Cosmic Distance Ladder
IA supernovae following which, Einstein Cross occured, play a crucial role. And measuring the vast distances of the cosmos poses a significant challenge for astronomers, who employ various methods and tools collectively known as the cosmic distance ladder. These supernovae occur in binary systems where a white dwarf star feeds on matter from its companion, often a red giant until it surpasses the Chandrasekhar limit and collapses due to its mass. These stars shed their outer layers in a massive explosion, temporarily outshining everything else in their surroundings.
In a recent study, an international team of researchers led by Ariel Goobar from the Oskar Klein Centre at Stockholm University made an extraordinary discovery: an uncommon type IA supernova named SN Zwicky (SN 2022qmx).
Unveiling Einstein Ring or Einstein Cross
What made this discovery even more astonishing was the discovery of the Einstein ring, somehow, also reffered as Einstein Cross, a unique phenomenon predicted by Einstein’s general theory of relativity. This phenomenon occurs when the gravitational lensing effect generated by a foreground object enhances the light emitted by a distant object.
The team’s achievement was significant because it involved the observation of two exceedingly rare astronomical events that coincided.
Researchers from the Oskar Klein Centre, the Kavli Institute for Cosmology, the Cahill Center for Astrophysics, the Infrared Processing and Analysis Center (IPAC), the Ecole Polytechnique Fédérale de Lausanne (EPFL), the Center for Interdisciplinary Exploration and Research in Astrophysics (CIERA), the Centre de Recherche Astrophysique de Lyon, NASA Goddard, the Space Telescope Science Institute (STScI), and multiple universities made up the team. Their research paper describing these findings was recently published in Nature Astronomy.
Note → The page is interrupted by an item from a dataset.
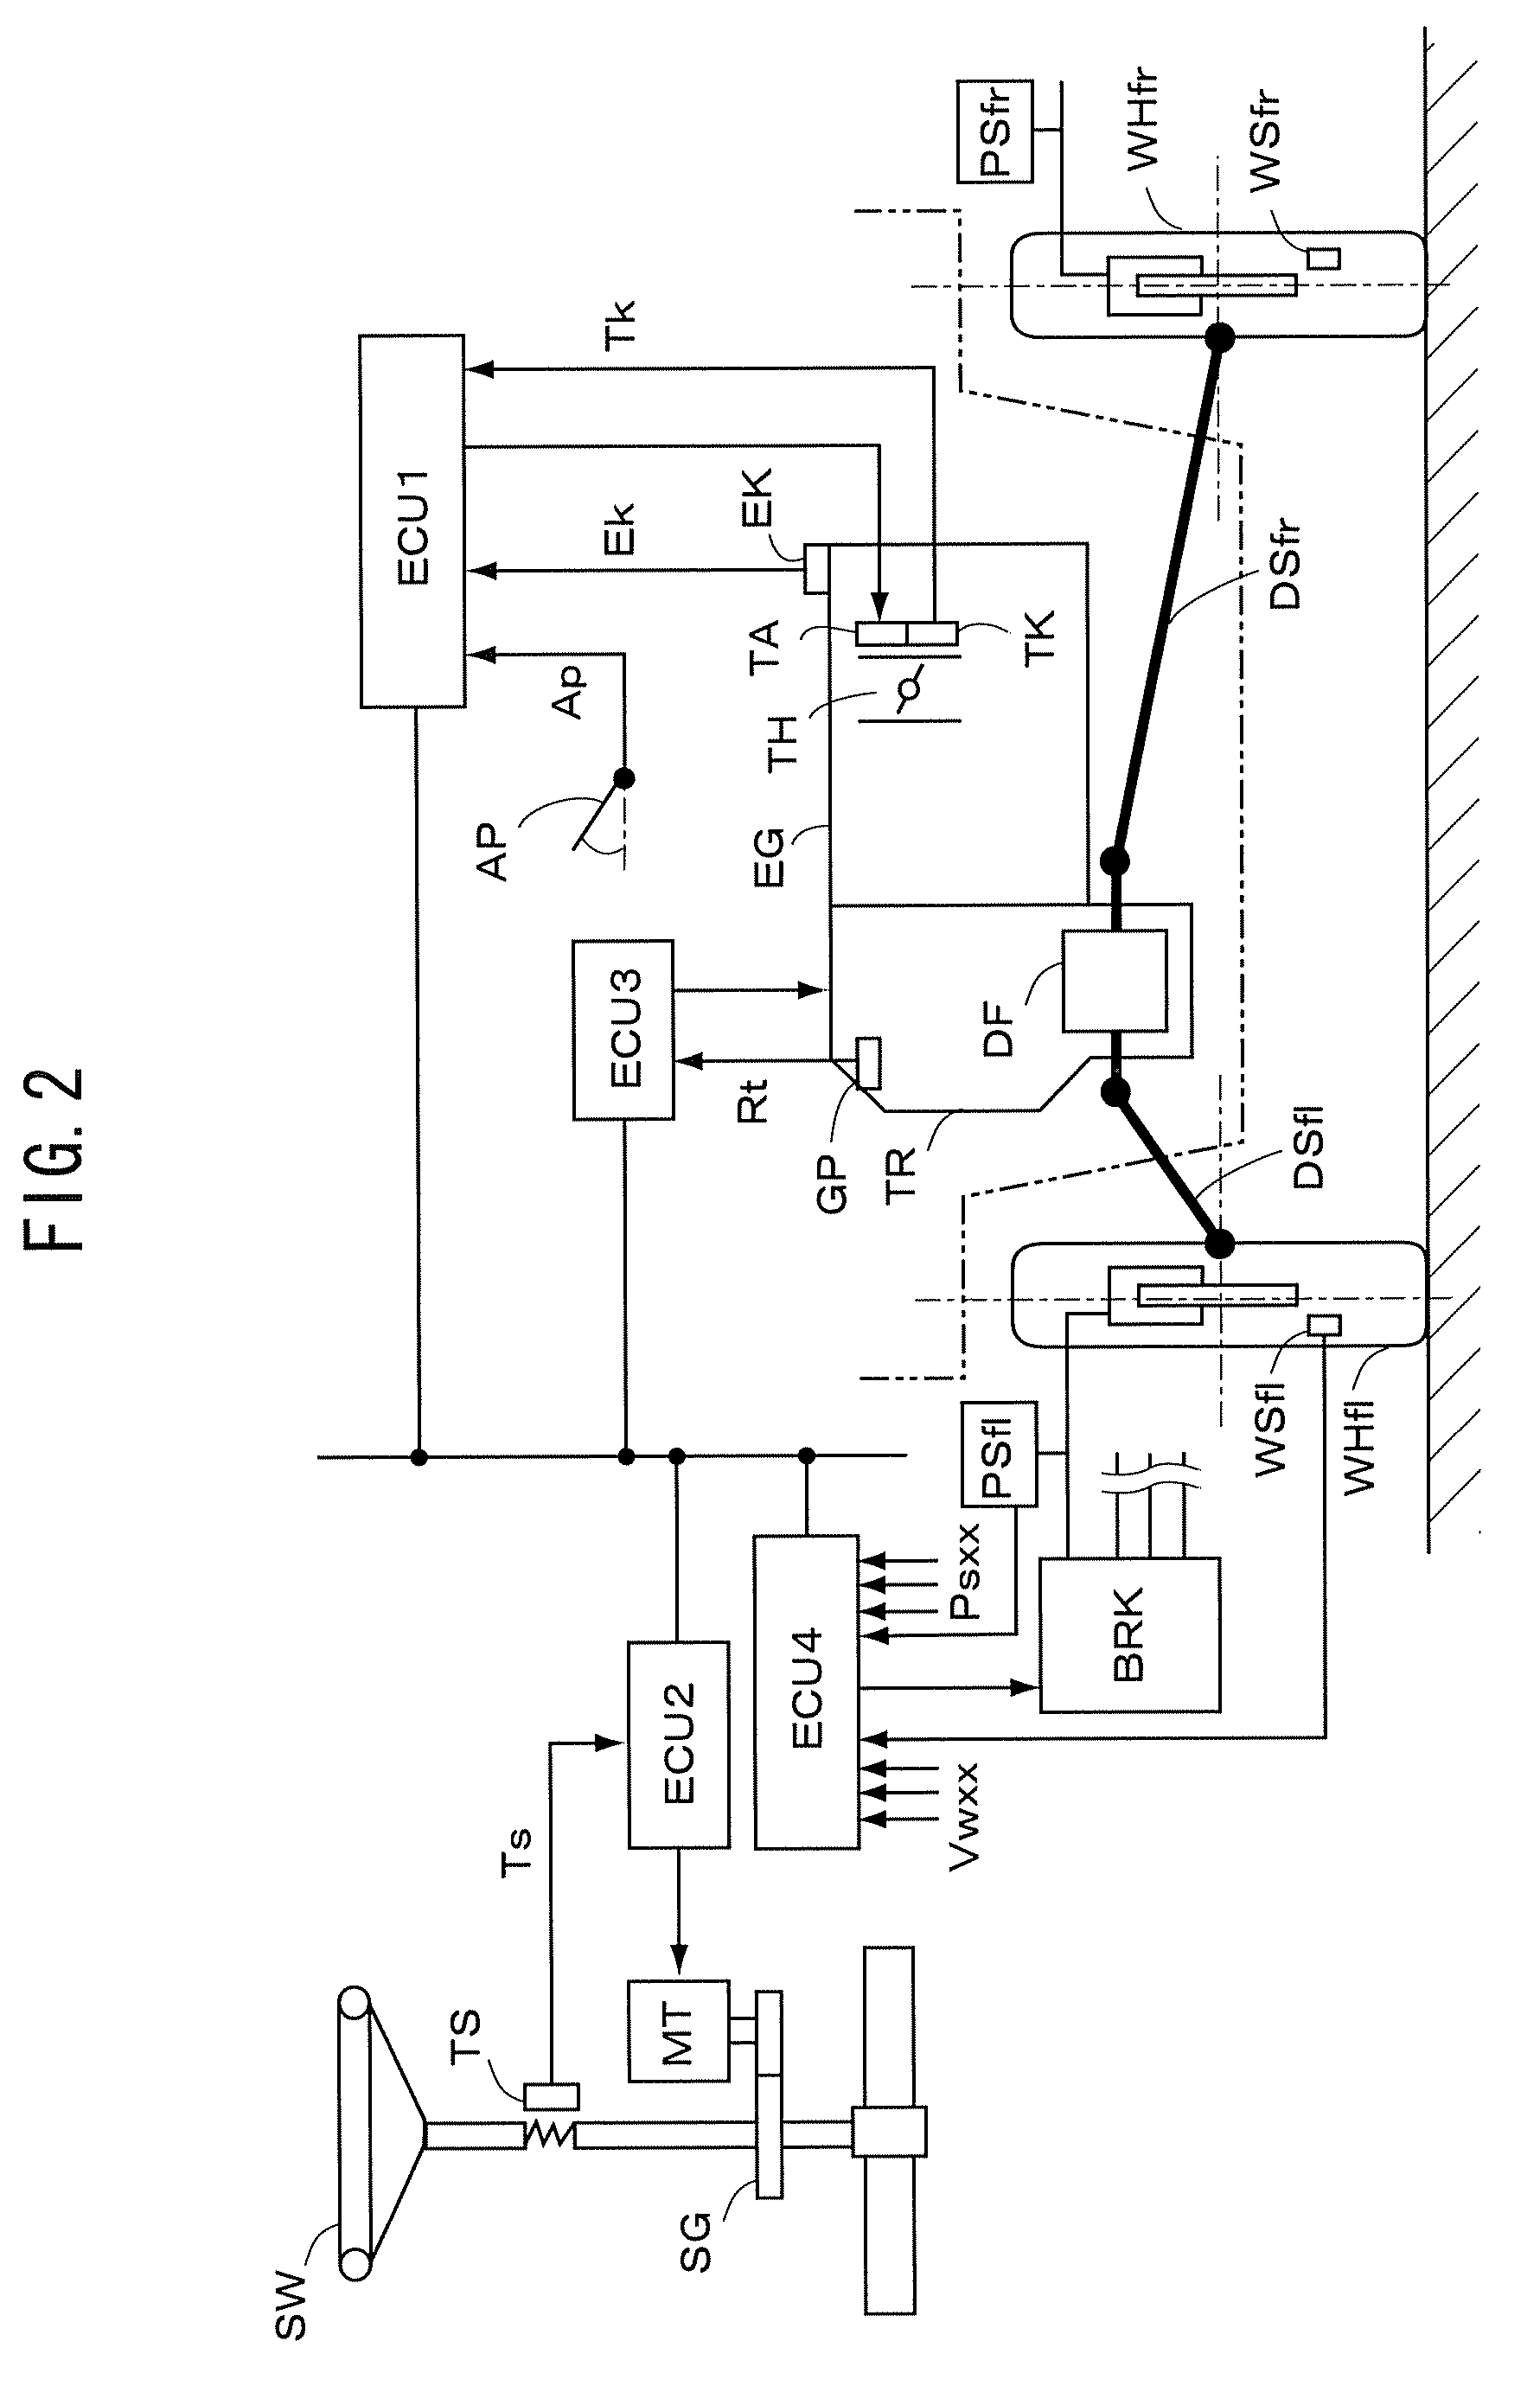 Steering control apparatus for a vehicle

SN Zwicky and Einstein Ring
Initially, the Zwicky Transient Facility at the Palomar Observatory in California detected the supernova. The facility was named after astronomer Fritz Zwicky, who proposed the possibility of dark matter in the 1930s. Several weeks later, the team employed adaptive optics (AO) at the W.M. Keck Observatory in Hawaii and the Very Large Telescope (VLT) at the Paranal Observatory in Chile to observe SN Zwicky. Goobar and his colleagues hypothesized that they were witnessing a solid lensing effect based on the observed brightness. Further observations and images obtained by the Hubble Space Telescope confirmed this hypothesis, revealing that the multiple-image lensing effect was a result of a galaxy in the foreground that magnified the supernova by 25 times!
Studying Mysteries of Einstein Cross
This fortunate discovery of Einstein Cross opens up numerous opportunities for astronomers, enabling them to study SN Zwicky in greater detail and delve deeper into the mysteries of gravitational lenses. As Goobar expressed in a press release from Stockholm University,
“The discovery of SN Zwicky not only showcases the remarkable capabilities of modern astronomical instruments but also represents a significant step forward in our quest to understand the fundamental forces shaping our Universe.” However, the implications extend beyond these two phenomena. The study of type Ia supernovae led astronomers to the groundbreaking realization that the expansion of the cosmos is accelerating.
Universe’s Acceleration Expanding
This discovery of Einstein Cross earned the 2011 Nobel Prize in Physics, which was divided between Saul Perlmutter (The Supernova Cosmology Project) and jointly awarded to Brian P. Schmidt and Adam G. Reiss (The High-z Supernova Search Team). Consequently, observations of SN Zwicky could contribute to unraveling the mystery behind this accelerated expansion. Joel Johansson, a co-author of the study and a postdoctoral fellow at Stockholm University, highlighted the significance of SN Zwicky’s extreme magnification, stating,
Implications and Insights from SN Zwicky Discovery
“The extreme magnification of SN Zwicky gives us an unprecedented chance to study the properties of distant type IA supernova explosions, which we need when we use them to explore the nature of dark energy.”
Furthermore, the discovery of Einstein Cross could throw light on the cryptic nature of dark matter and provide insights into speculations regarding the Universe’s ultimate fate, such as the Big Crunch, Big Rip, or Heat Death.